Это были невообразимо нежные отсветы, оттенки зеленого и голубого жемчужных тонов, среди которых вдруг вырос трезубец розового цвета, медленно разрезавший струящуюся дельту. От такой красоты у меня захватило дыхание. Чтобы подстегнуть ее, я вполголоса запел. Разноцветные вуали, шелестя, превращались в плотные ткани муаровых оттенков, которые свивала и развивала странная внутренняя сила, растопляя их, словно они были из воска, заставляя их течь неожиданными, неподражаемыми изгибами. Текучие спирали превращались в брызги, распылялись самым странным образом, гармонически дымясь в неощутимых переливах красок — оргия форм и оттенков, без конца складывающихся в бессмысленные, но захватывающие фигуры калейдоскопа. Мне казалось, что меня перенесли в невыразимо прекрасный мир, законом которого было изящество. Все грубое переплавлялось в феерической доменной печи невесомости, жидкой текучести.
Освобожденный от костей и мускулов, весь — чистая чувствительность, я наслаждался, насыщая взор этой потрясающей красотой.
— Здесь Нгала! Нгала ждет.
В проеме ворот — кружащиеся небеса, карусели объемов и красок.
— Я рад, что нашел тебя, Нгала!
Голос Джима рождает радужные фонтаны брызг.
Болезненным усилием, напряжением воли, гальванизирующим окаменевшее тело, я перевожу взгляд на абаносовую статую, освещенную луной. Лицо у Нгалы серое — как у вcех негров, бледнеющих от волнения.
Он открывает рот, но губы его дрожат, так что он не может произнести ни звука, а глаза выкатываются так сильно, что их белки покрывают щеки и, кажется, выступают за навес бровей.
— Лнага! — застонал он, попятившись.
Пораженный, я взглянул на Джима. Впервые с тех пор, как мы находились возле стен, приютивших мертвый мир развалин, впервые с тех пор, как луна посылала к нам свои кровавые лучи, я увидел его лицо. Удар был таким сильным, что у меня пересохло во рту. Серые глаза Джима были залиты ярким фиолетовым цветом гриба и даже их белки стали фиолетовыми. Золотые блестки играли в этом фиолетовом море, как живые крошечные существа, независимые от всего остального. Вероятно, на моем лице отразилось тупое удивление, потому что Джим быстро обратился ко мне.

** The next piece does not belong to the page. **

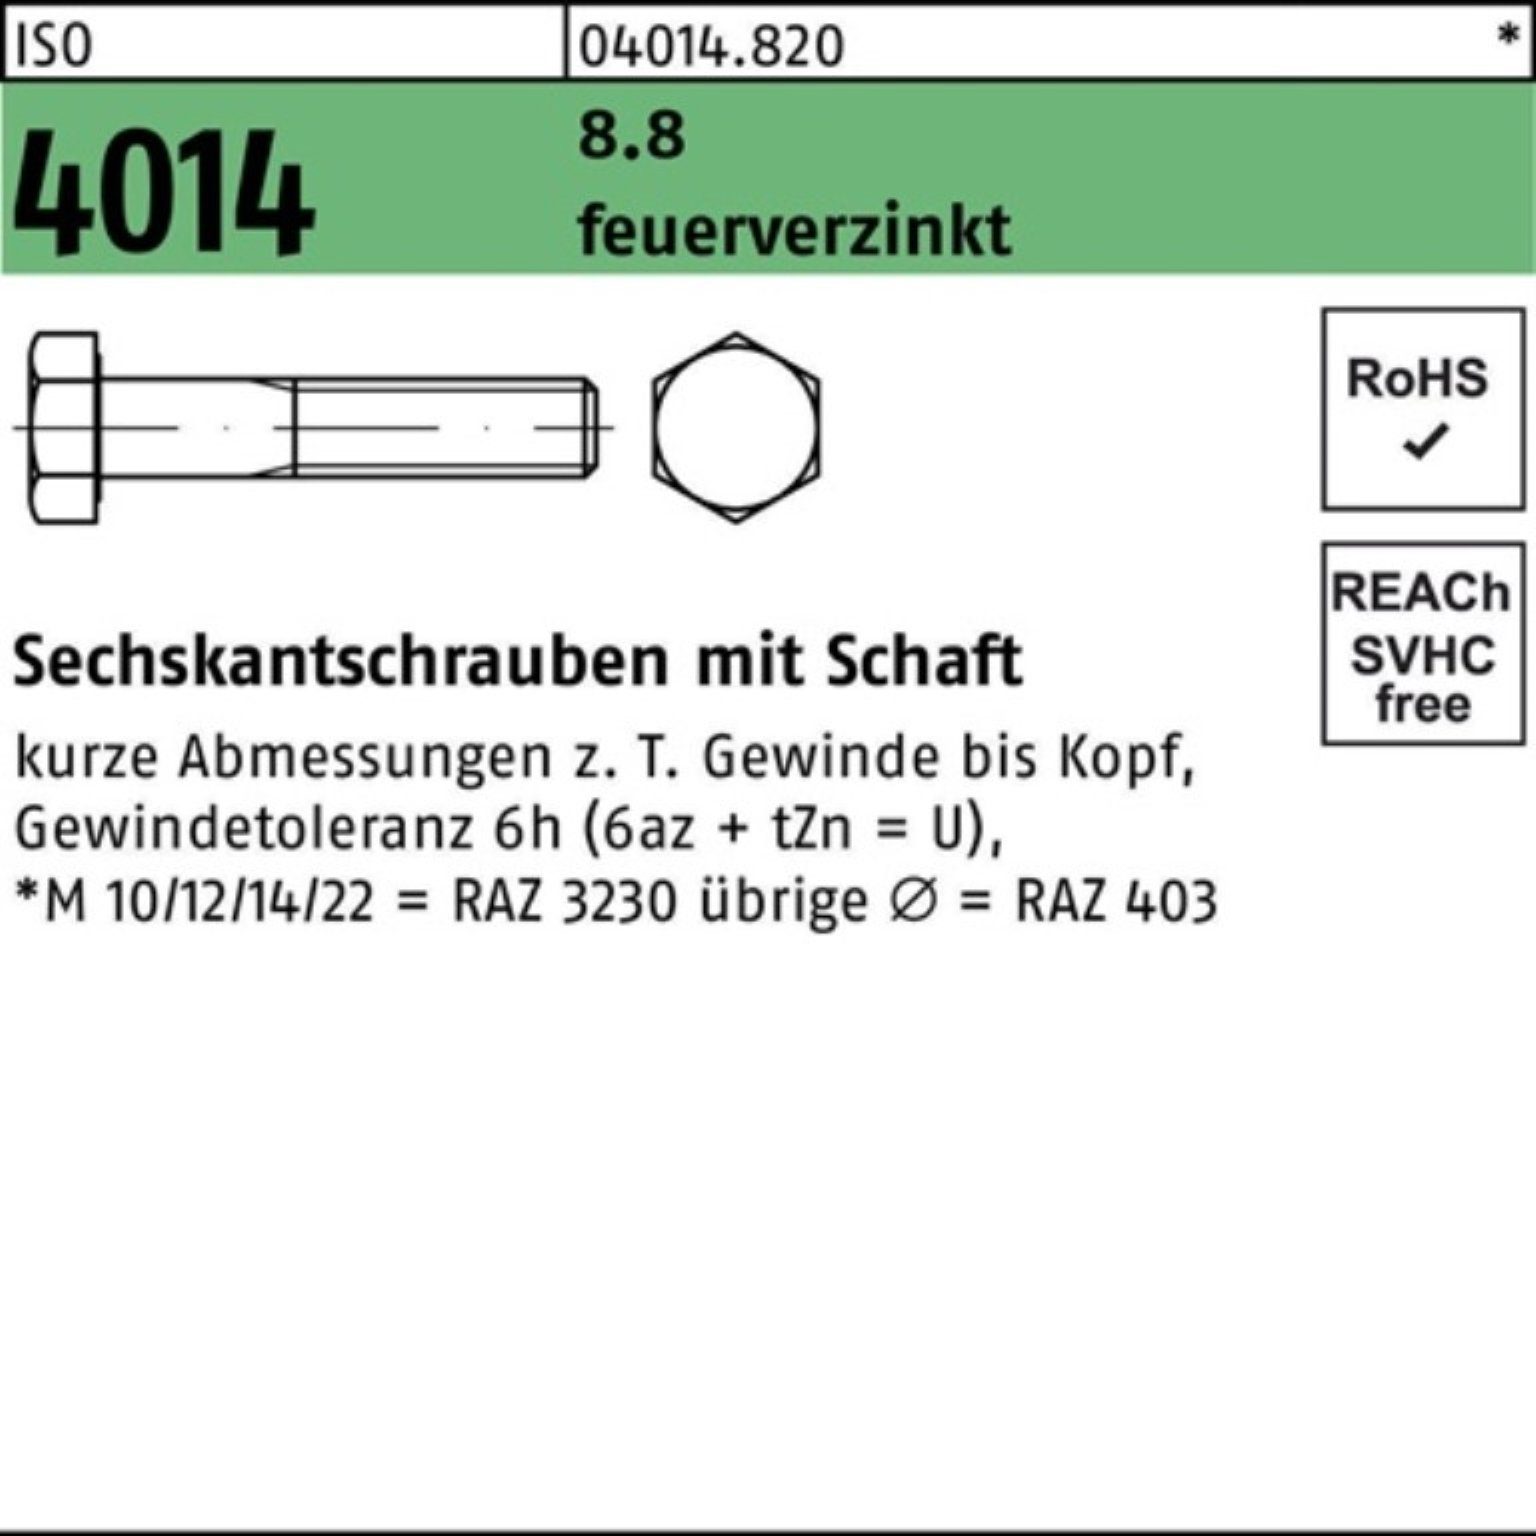 Bufab Sechskantschraube 100er Pack Sechskantschraube ISO 4014 Schaft M20x 300 8.8 feuerverz. 1

— Не будь дураком, Верной! — сказал он своим обычным тоном. — Глаза тех, кто ест лнагу, становятся лнагой. Иначе как бы, по-твоему, мог догадаться Нгала?
Разноцветные волны, выгибаясь, складывались во все новые композиции, которым позавидовал бы любой художник-абстракционист.
— А мои? — спросил я глухим, словно чужим голосом.
— Представь себе… — сказал Джим. — Твои тоже…
Нгала, не решаясь подойти, смотрел на нас с суеверным почтением.
— Человек-лнага всесильный… человек-лнага уже не человек…
Я чувствовал, что звуки уже не вызывают прежнего волшебства красок. Теперь они казались мне более бледными, стертыми, и я подумал, не проходит ли это действие яда; но тут же понял, что звуки, превратившиеся в краски, просто заняли место красок, воплотившихся в звуках.
— Что еще готовит нам лнага? — спросил я с дурацким легкомыслием.
— Не относись к этому так легко, Верной…
Так как Джим сожрал отраву раньше меня, было естественно предположить, что он раньше почувствует ее последствия, и его слова заставили меня насторожиться. — Человек-лнага… — бормотал Нгала. — И луна… полная луна…
Его слова больше не подгоняли карусель красок.
Только глиняные стены поднимались передо мной, залитые лунным светом, и лишь теперь, когда игра разнузданных форм больше не отвлекала моего внимания, я начал постигать их необычайную красоту.